Singles from Magnetic Heaven
- "Ball and Chain" Released: 1985; "Right Between the Eyes" Released: 1986; "Shadows of Love" Released: 1986; "Systematic" Released: 1986;

= Magnetic Heaven =

Magnetic Heaven is the debut studio album by the English new wave duo Wax.

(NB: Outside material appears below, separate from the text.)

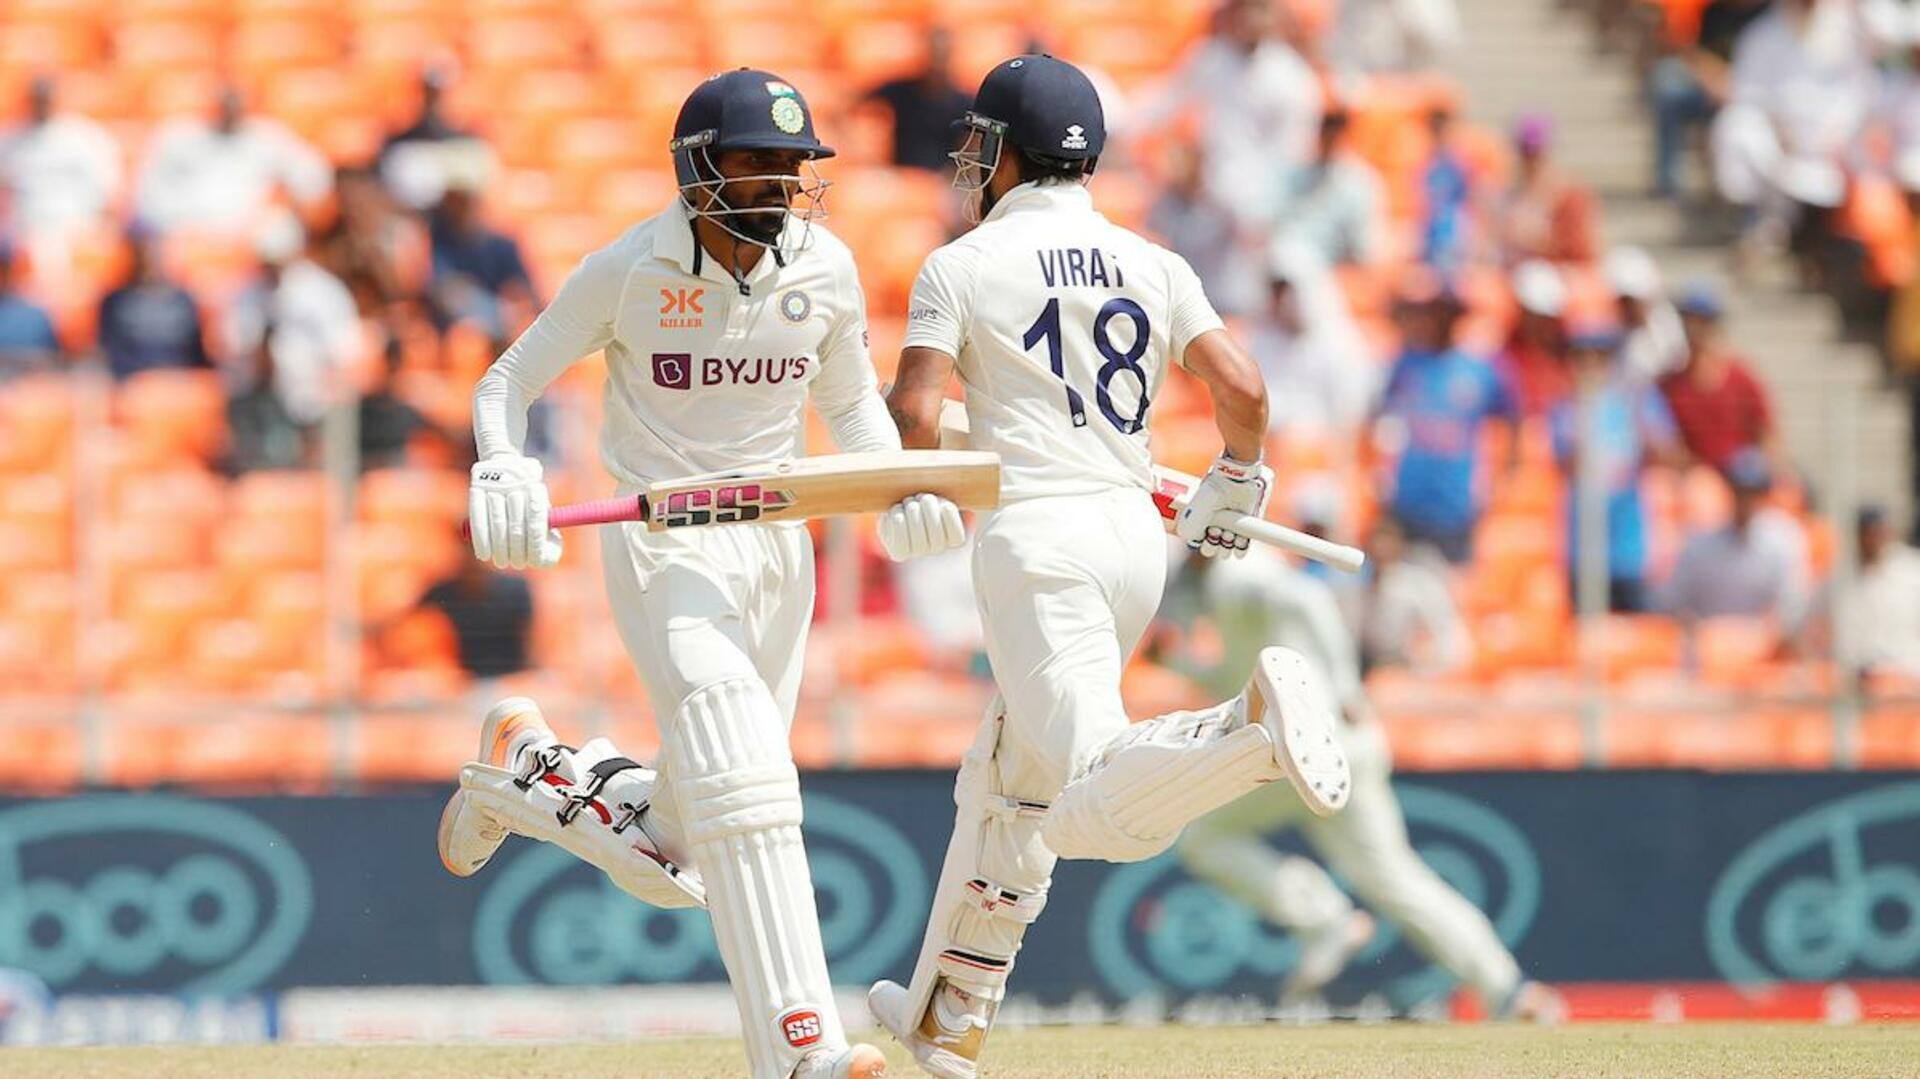 भारत बनाम ऑस्ट्रेलिया: भरत ने बनाया अपना सर्वोच्च टेस्ट स्कोर, कोहली के साथ की अहम साझेदारी 

Released in 1986 on RCA Records.

The album cover, painted by Jason Bradley, shows the band members.

The European and the American editions of the album featured different versions of the song "Ball and Chain" with the latter edition having the longer one.

The album was reissued in Japan in 2011 with bonus tracks including "The Lie", B-side to "Ball and Chain" single, and singles' mixes of the songs "Ball and Chain" and "Hear No Evil".

Professional ratings
Review scores
| Source | Rating |
| AllMusic | Star |

==Uses in media==
In 1988, American pop singer Nicolette Larson covered the band's song "Shadows of Love", which served as the title of the album on which it appeared.

==Track listing==
All songs were written, arranged and performed by Andrew Gold and Graham Gouldman.

===Side one===
1. "Right Between the Eyes" – 4:08
2. "Hear No Evil" – 4:17
3. "Shadows of Love" – 4:39
4. "Marie Claire" – 4:09
5. "Ball and Chain" – 4:28 / 5:49

===Side two===
1. - "Systematic" – 4:18
2. "Breakout" – 4:19
3. "Only a Visitor" – 5:00
4. "Rise Up" – 5:29
5. "Magnetic Heaven" – 3:36 (Instrumental)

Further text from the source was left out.